* PROBLEM: An exact repetition of the data is required; no picture should appear in it.

* COLLECTED MATERIAL:
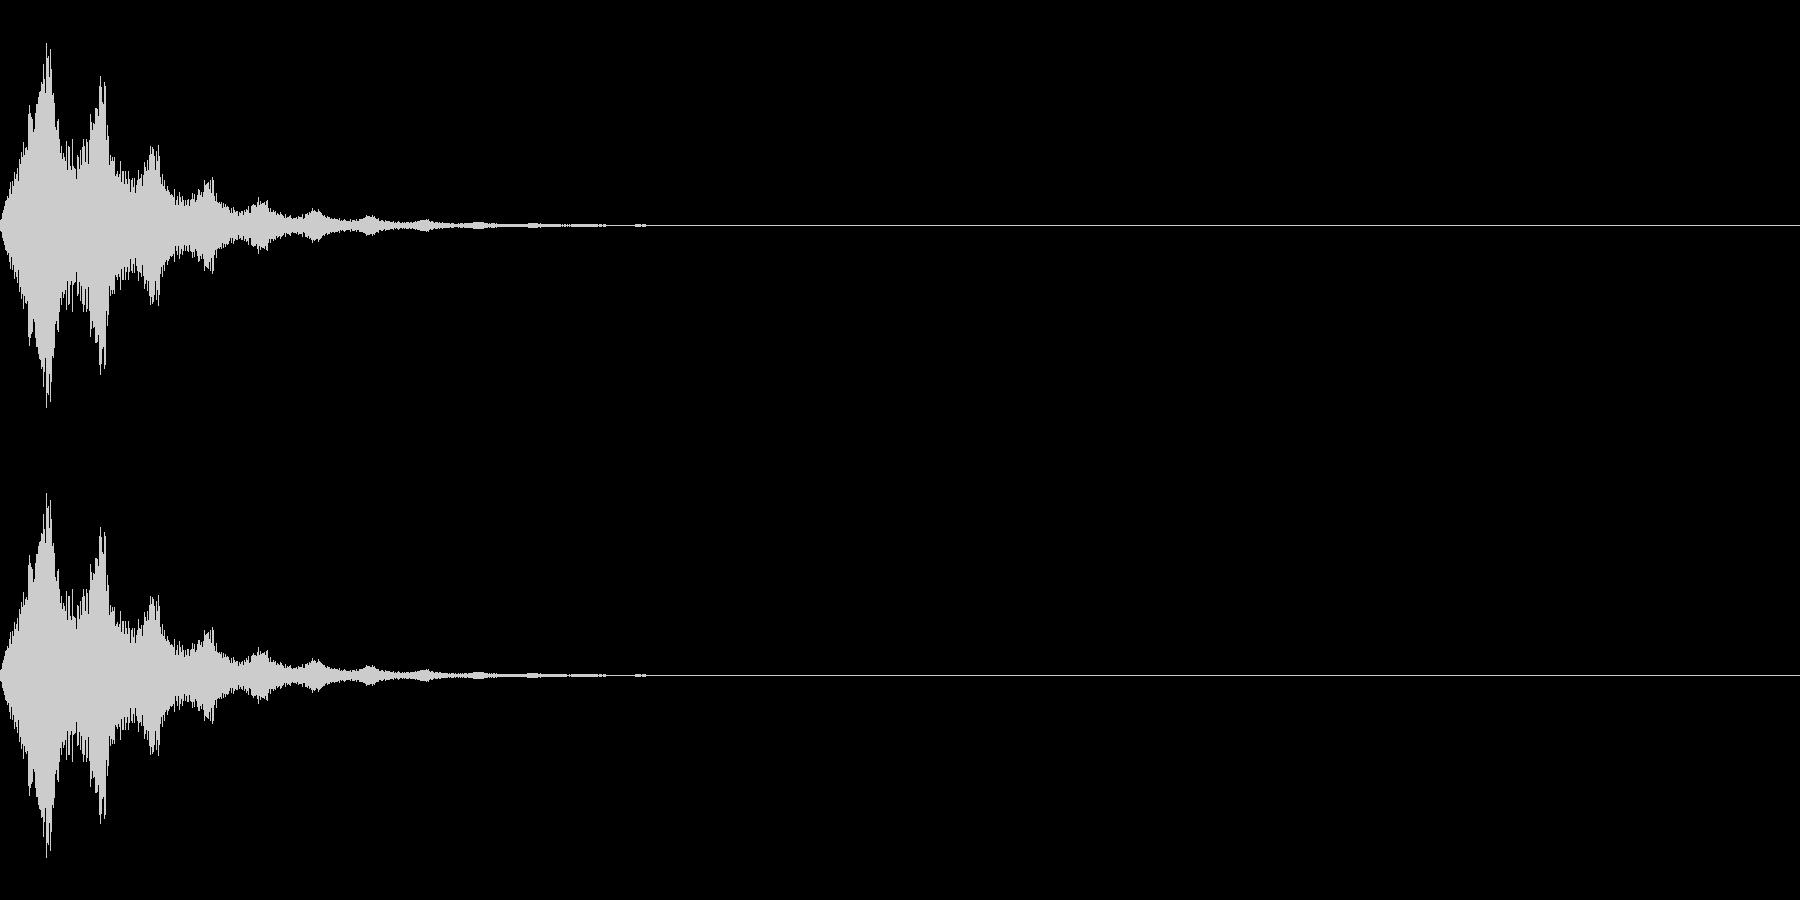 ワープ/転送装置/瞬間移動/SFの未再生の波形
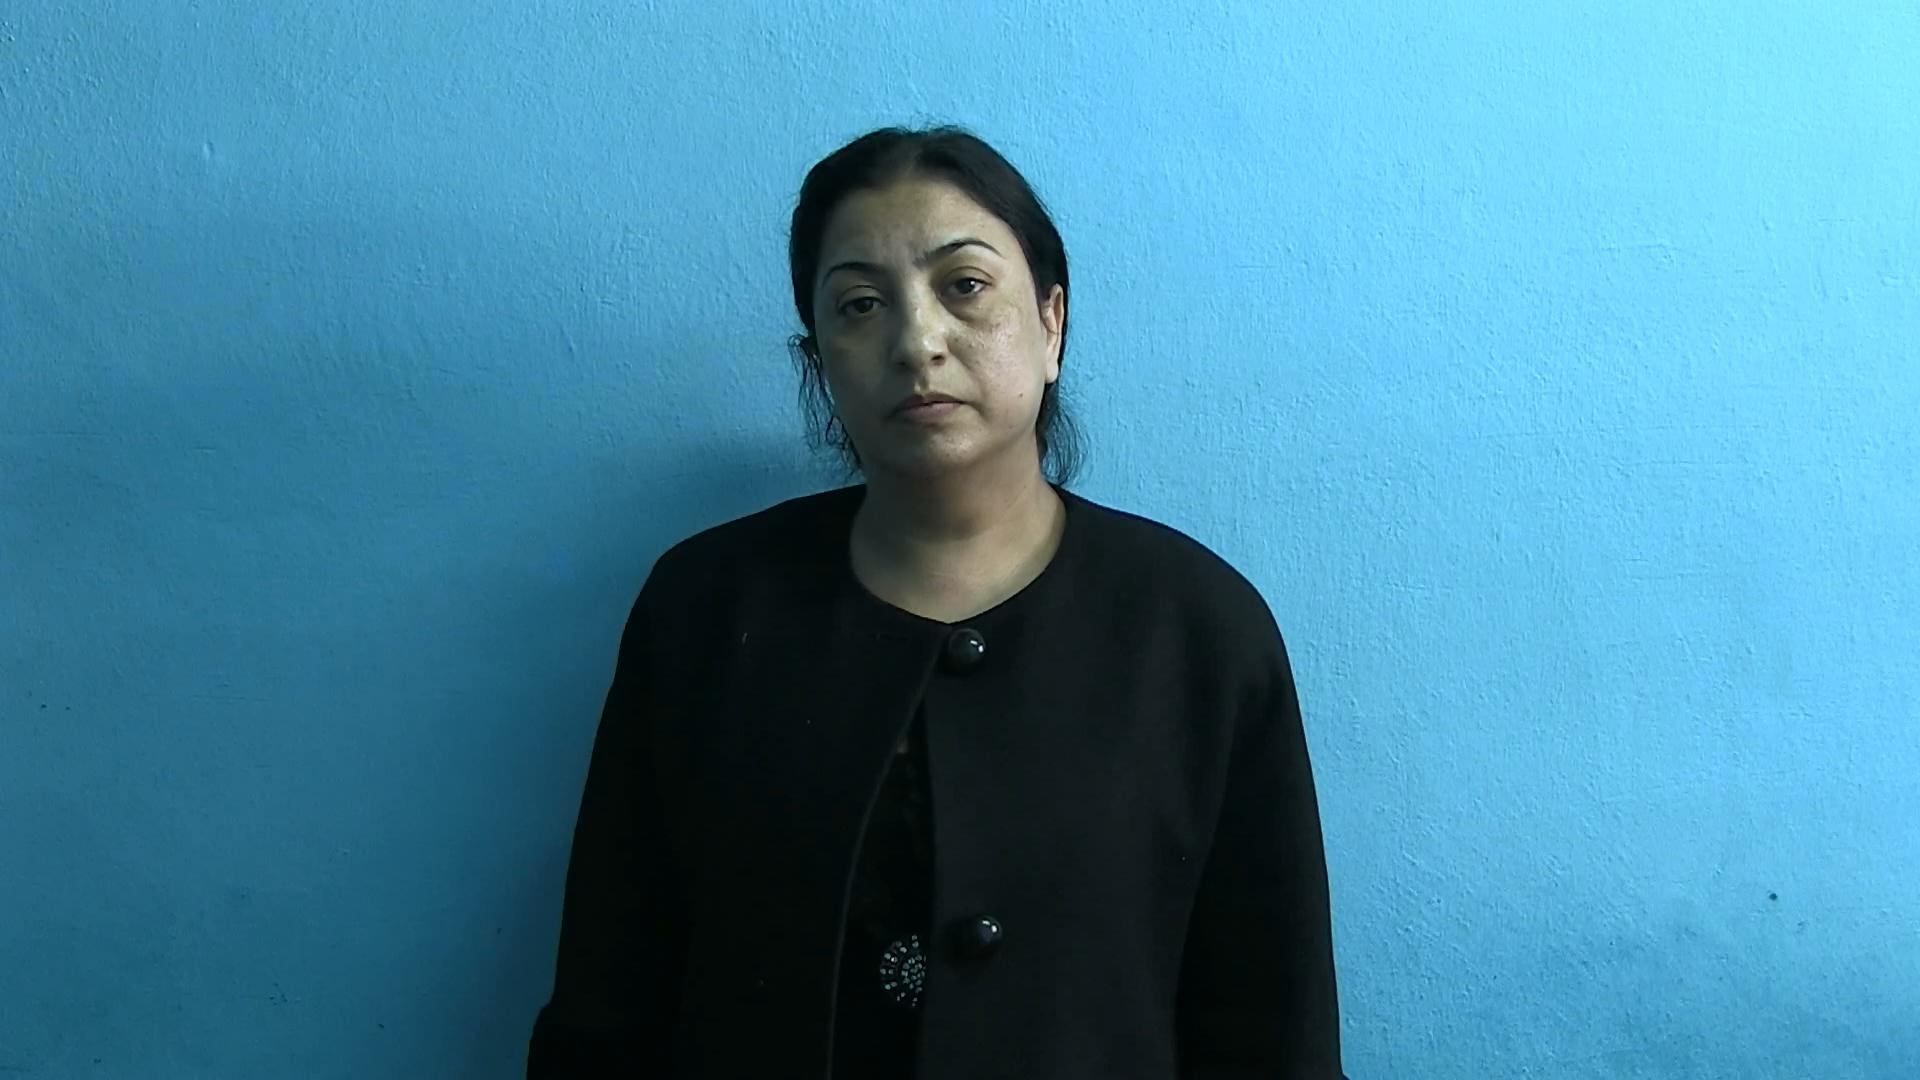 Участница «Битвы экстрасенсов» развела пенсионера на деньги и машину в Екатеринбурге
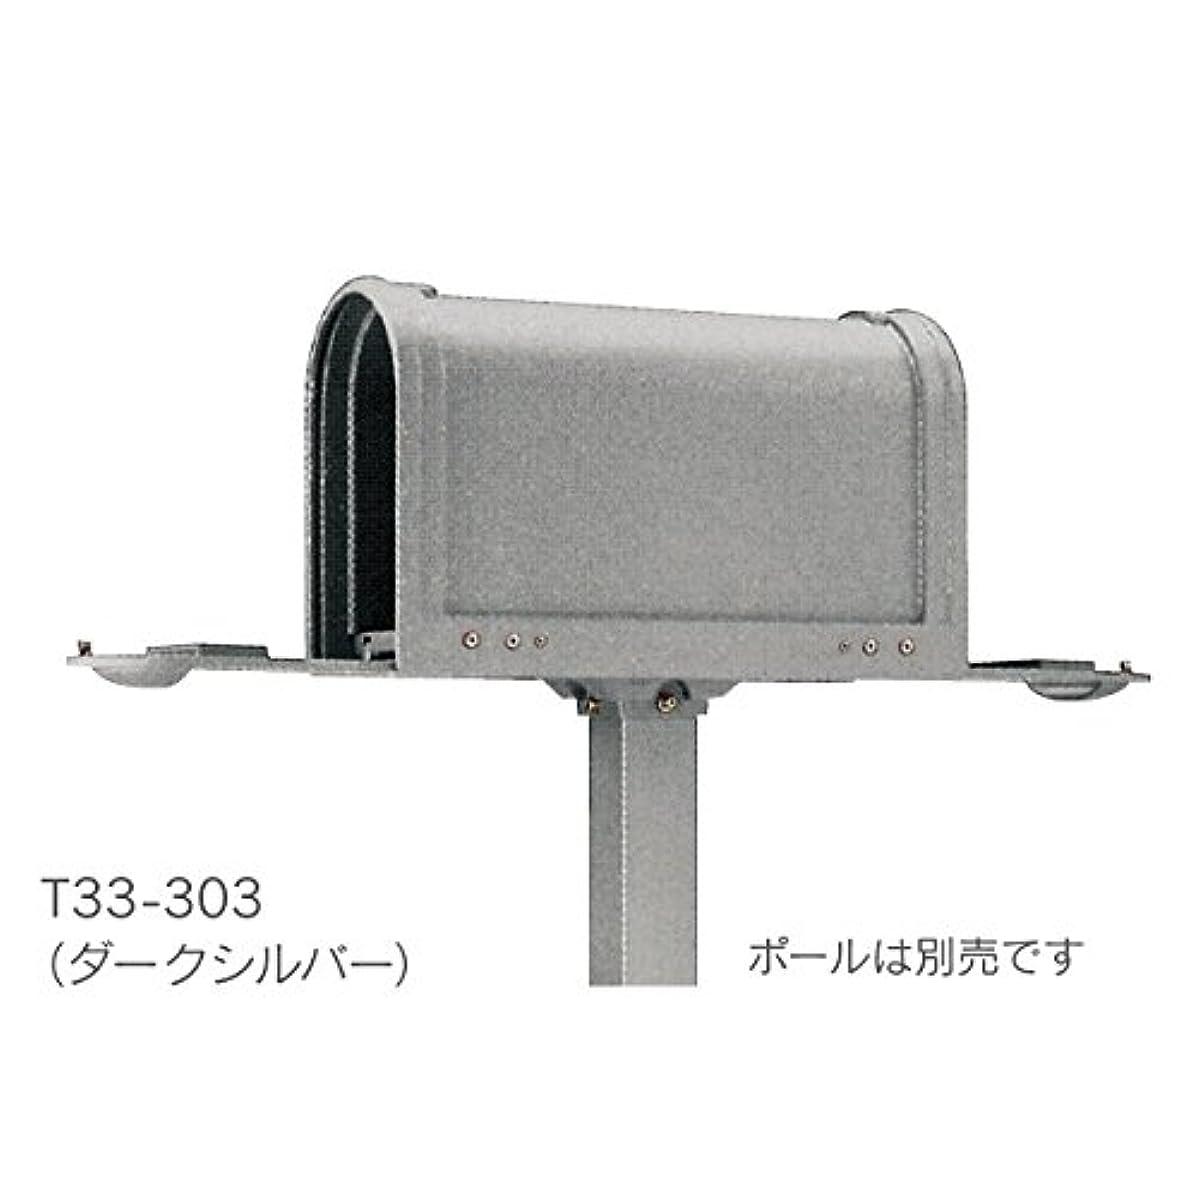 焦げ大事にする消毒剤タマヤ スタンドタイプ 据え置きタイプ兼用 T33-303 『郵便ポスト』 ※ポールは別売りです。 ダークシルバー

* ANSWER AREA:
 ワープ/転送装置/瞬間移動/SFの未再生の波形
 Участница «Битвы экстрасенсов» развела пенсионера на деньги и машину в Екатеринбурге
 焦げ大事にする消毒剤タマヤ スタンドタイプ 据え置きタイプ兼用 T33-303 『郵便ポスト』 ※ポールは別売りです。 ダークシルバー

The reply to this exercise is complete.